**TASK DETAILS:**
Within the records that follow, restate exactly the lines from the line with "An icon or badge" down to the line with "Elisabetta Franchi ELISABETTA", including both. Omit the pictures.

**SOURCE MATERIAL:**
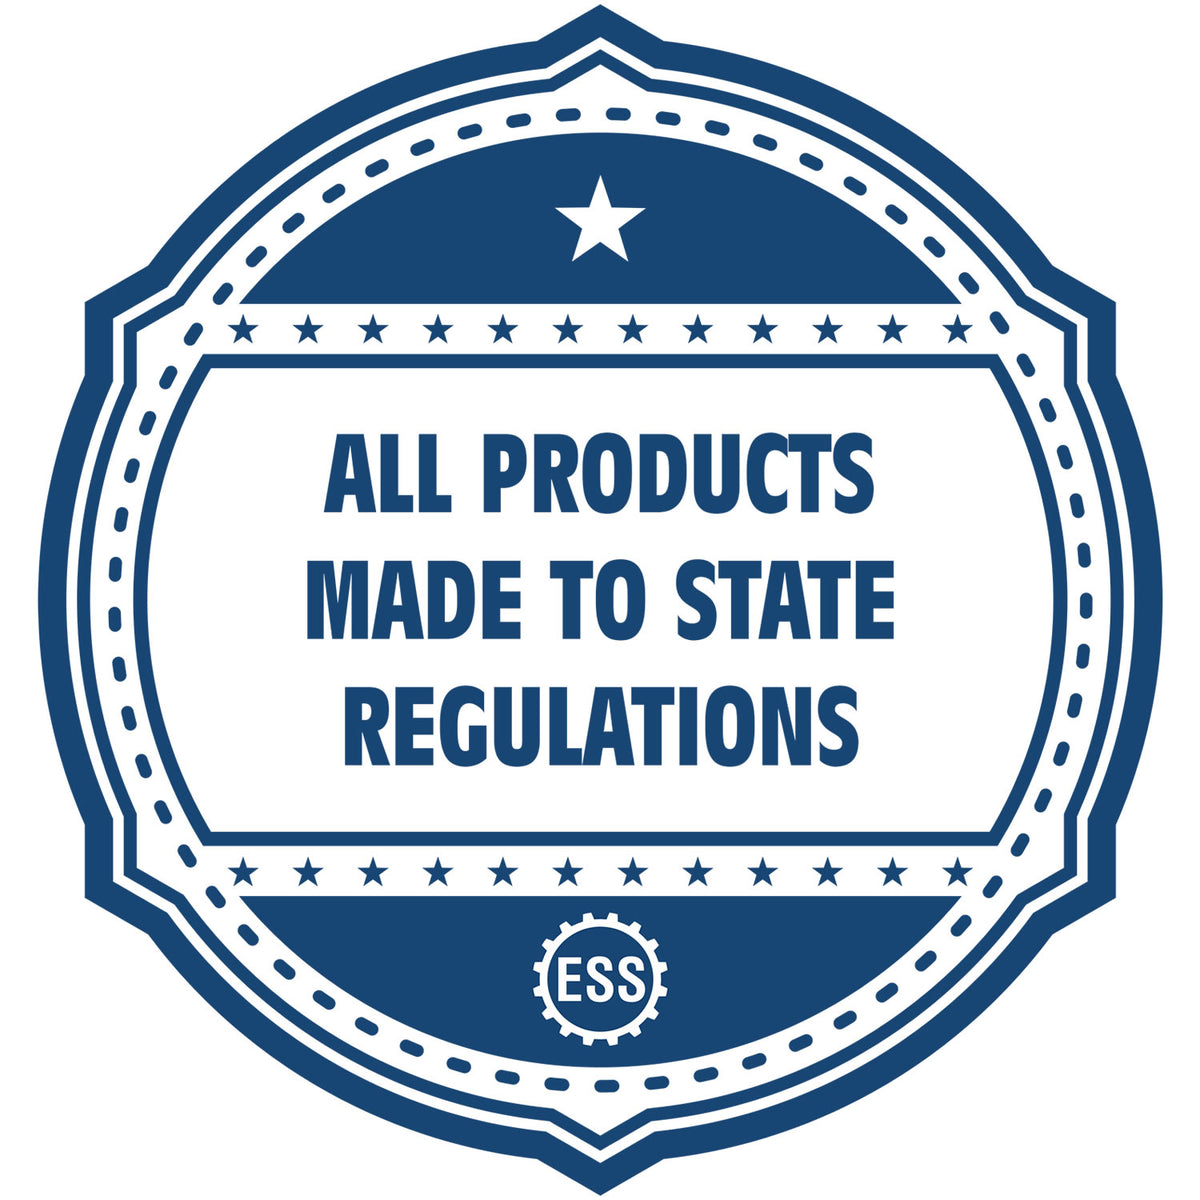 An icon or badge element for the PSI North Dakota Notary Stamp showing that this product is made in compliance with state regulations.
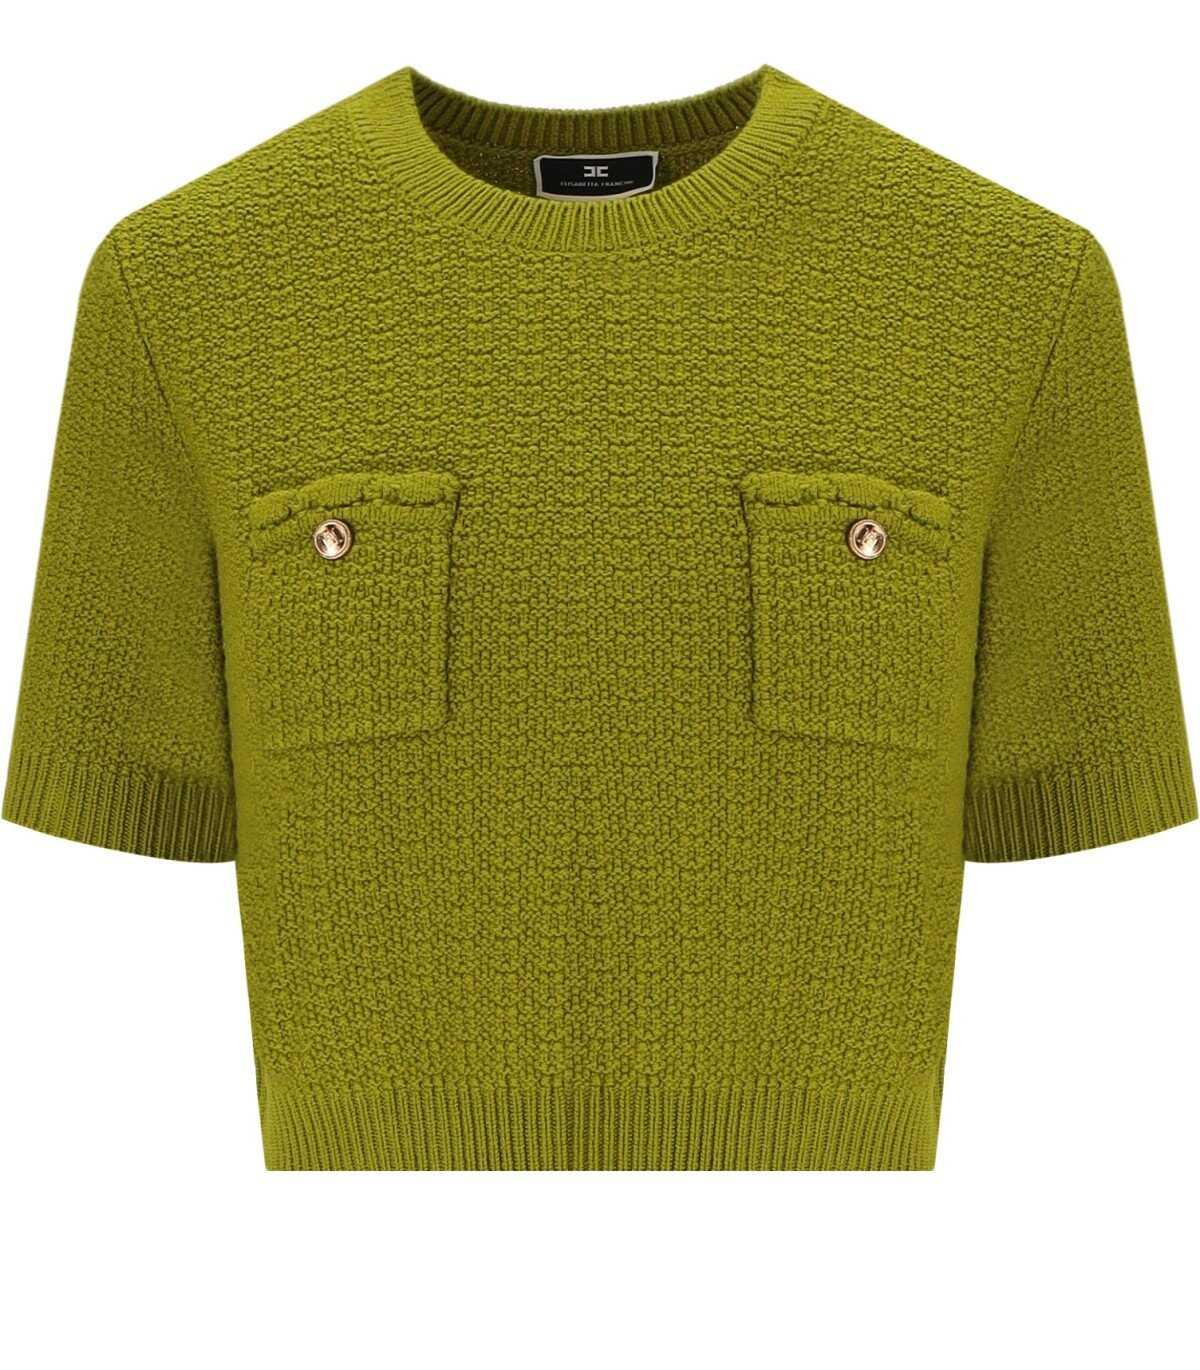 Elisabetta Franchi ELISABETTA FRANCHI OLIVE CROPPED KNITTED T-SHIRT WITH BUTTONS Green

* * *

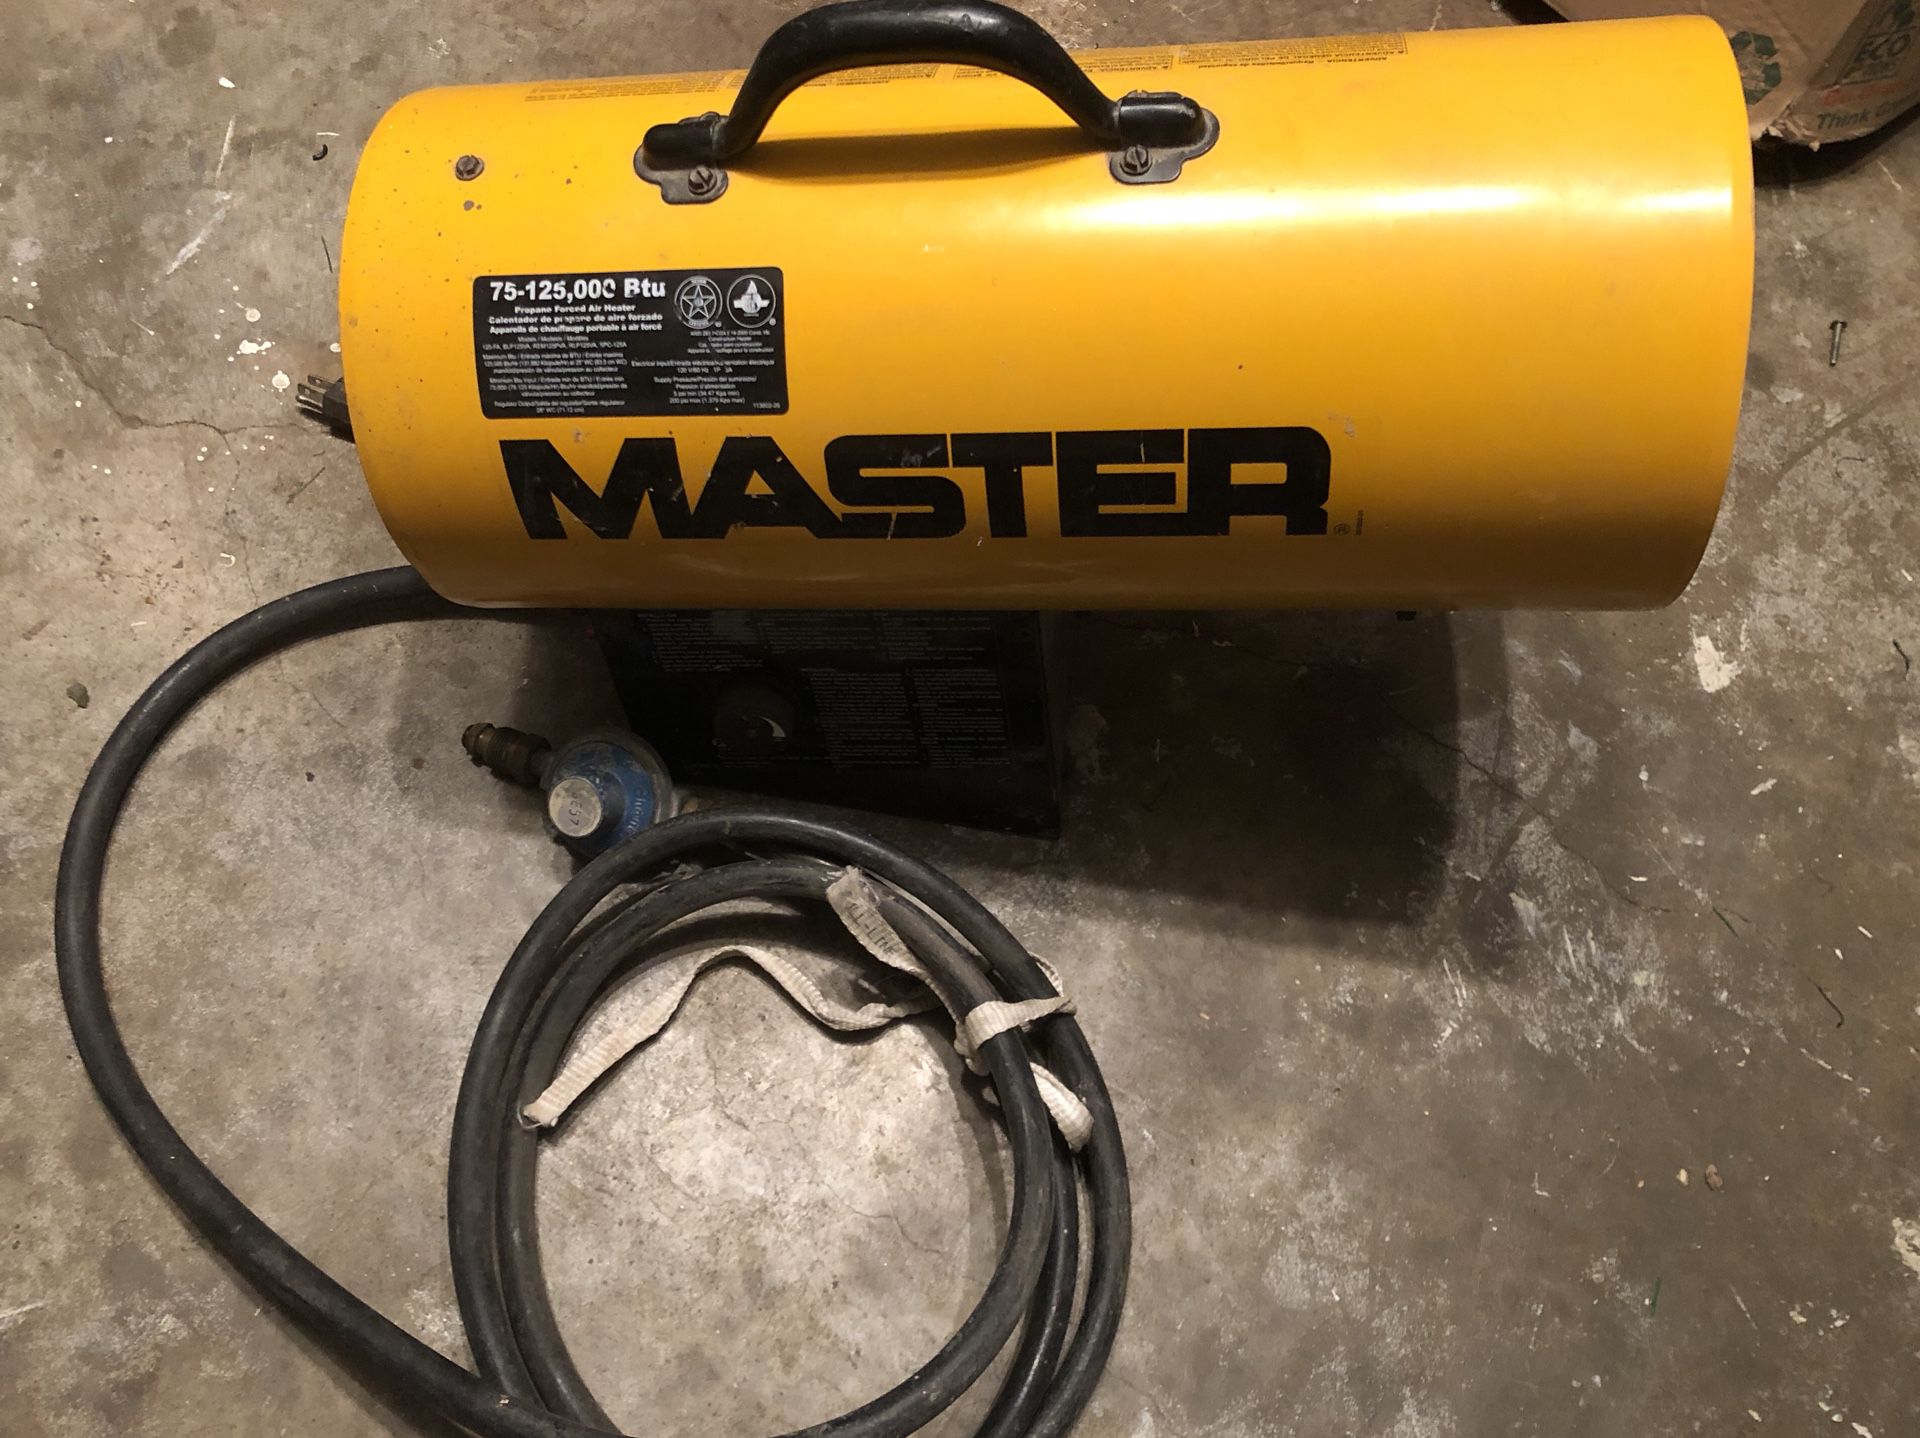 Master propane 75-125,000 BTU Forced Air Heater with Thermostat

**ANSWER TO THE PROBLEM:**
 An icon or badge element for the PSI North Dakota Notary Stamp showing that this product is made in compliance with state regulations.
 Elisabetta Franchi ELISABETTA FRANCHI OLIVE CROPPED KNITTED T-SHIRT WITH BUTTONS Green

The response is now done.